Coast Guard Air Station Traverse City was established in 1946 and operates under the authority of the United States Coast Guard's Ninth District (USCG). It is situated on the southern end of Grand Traverse Bay in Northern Michigan at the Cherry Capital Airport in Traverse City, Michigan, United States. Since 1995, Air Station Traverse City has controlled and staffed Air Facilities throughout southern Lake Michigan. The area of operations includes all of Lake Michigan and Lake Superior and most of Lake Huron.

History 

Originally established as a one-plane detachment to provide Search and Rescue service to the Great Lakes, Coast Guard Air Station Traverse City was commissioned in 1945. Over the years, the Air Station has grown from its original small complement to its present staff size of 20 officers and 100 enlisted personnel. In 1980, the air station increased its building space when a new maintenance and administrative hangar was completed, providing over  of work space. Along with changes in size, the air station has experienced changes in the types of aircraft assigned over the years. The Consolidated PBY-5A "Catalina" gave way to the Grumman HU-16 "Albatross" seaplane and, eventually, the Dassault HU-25 Falcon. Likewise, the Sikorsky HO4S/3G (or H-19 "Chickasaw") helicopter gave way to the Sikorsky HH-52 "Seaguard" helicopter.
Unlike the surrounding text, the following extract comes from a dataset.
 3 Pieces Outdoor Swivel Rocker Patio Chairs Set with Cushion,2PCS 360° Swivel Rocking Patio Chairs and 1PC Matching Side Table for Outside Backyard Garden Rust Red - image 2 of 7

In 1961, Air Station H-19 helicopters assisted in the evacuation of the crew of the Francisco Morazán, an operation that lasted four days in continuous gale conditions. Crews also rescued 25 survivors of the collision between the Cedarville and the Topdalsfjord in 1965, and 19 survivors from the fire aboard the Canadian freighter Cartiercliffe Hall in 1979.
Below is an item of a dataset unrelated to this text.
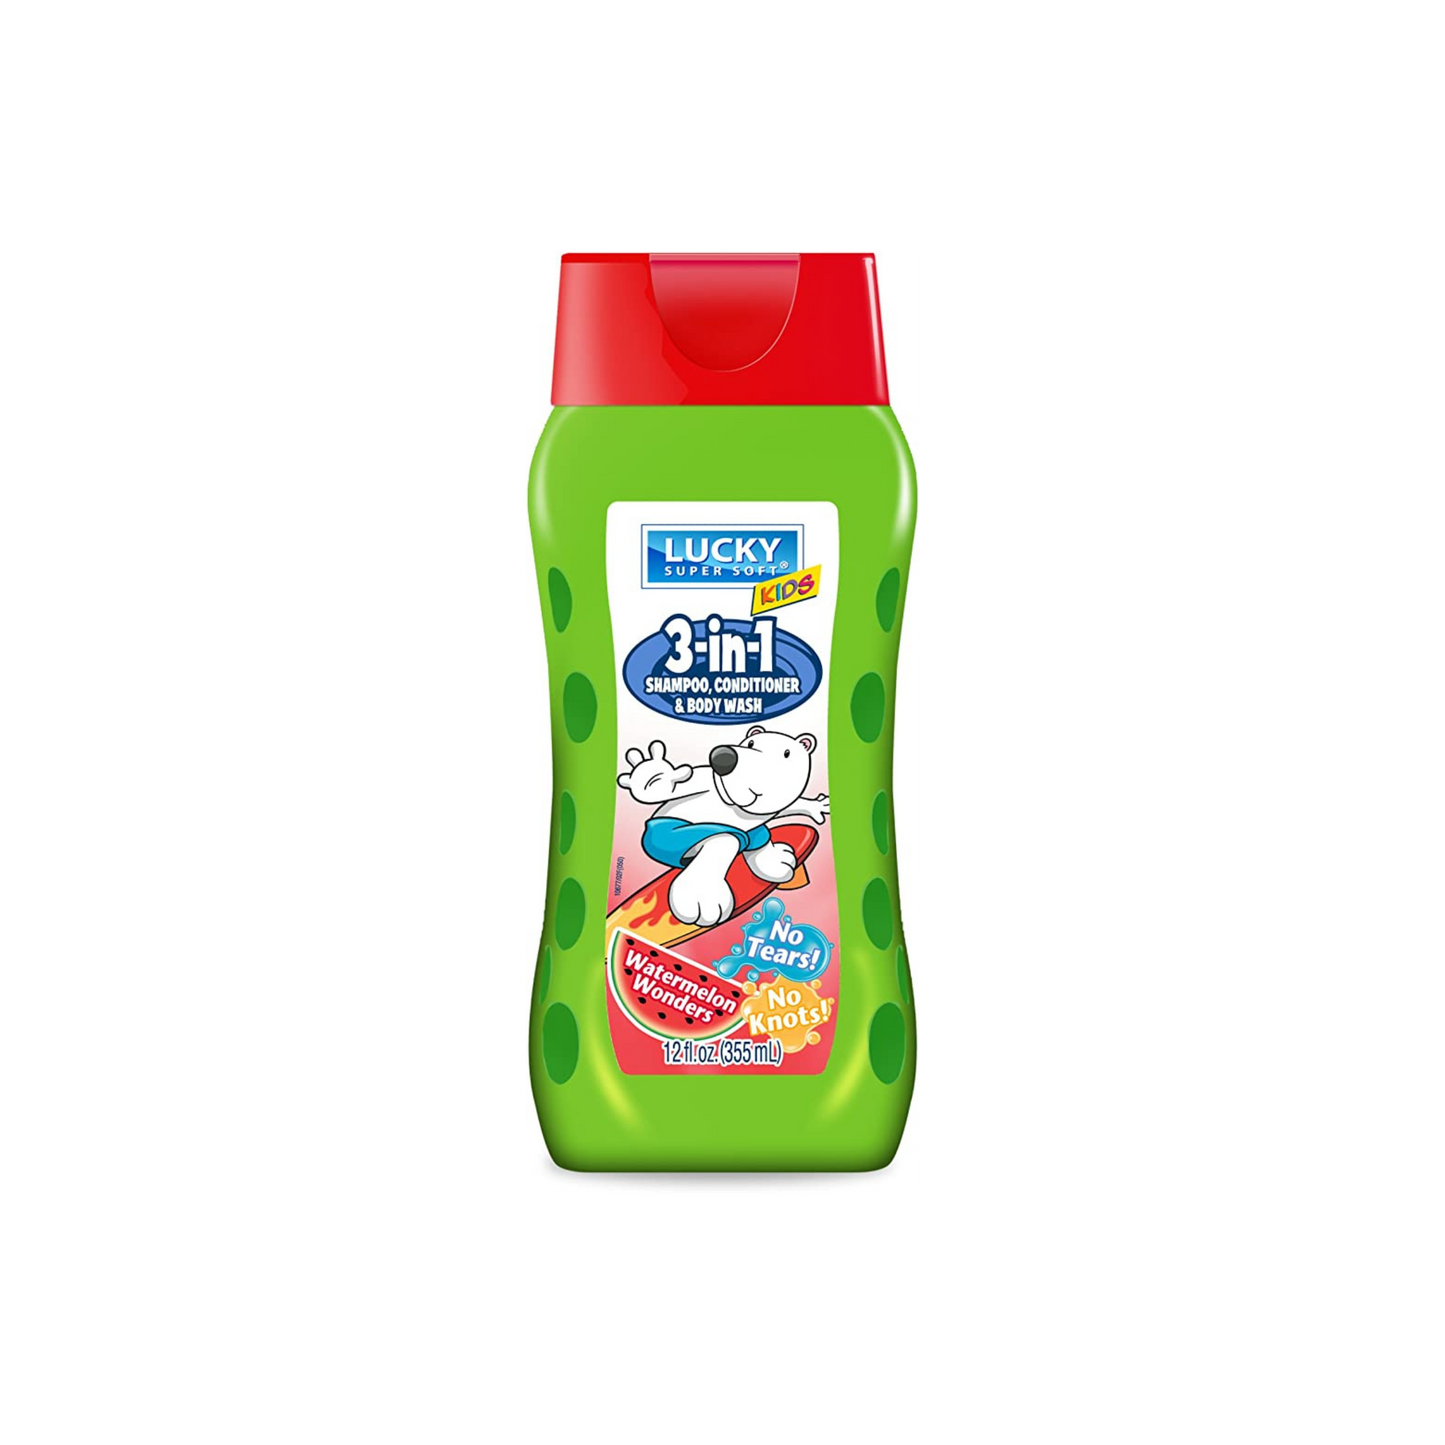 Lucky Super Soft Kids 3 In 1 Shampoo with Detangle Conditioner Body Wash, Watermelon Wonders, 12 Ounce

Proving their versatility, air station personnel have participated in a variety of other operations. In 1986, a premature baby boy was delivered aboard an HU-25 during an air evacuation (AIREVAC) from Alpena to Traverse City, Michigan. The same year, another Falcon aircraft reported to Patrick AFB, Florida to assist in the recovery search for Space Shuttle Challenger.

Later in 1986, the rescue capabilities of the "Seaguard" helicopter and the patrol capabilities of the "Falcon" jet were combined in the Sikorsky HH-3F "Pelican" helicopter. At that time, Traverse City became a helicopter-only unit operating three HH-3F helicopters.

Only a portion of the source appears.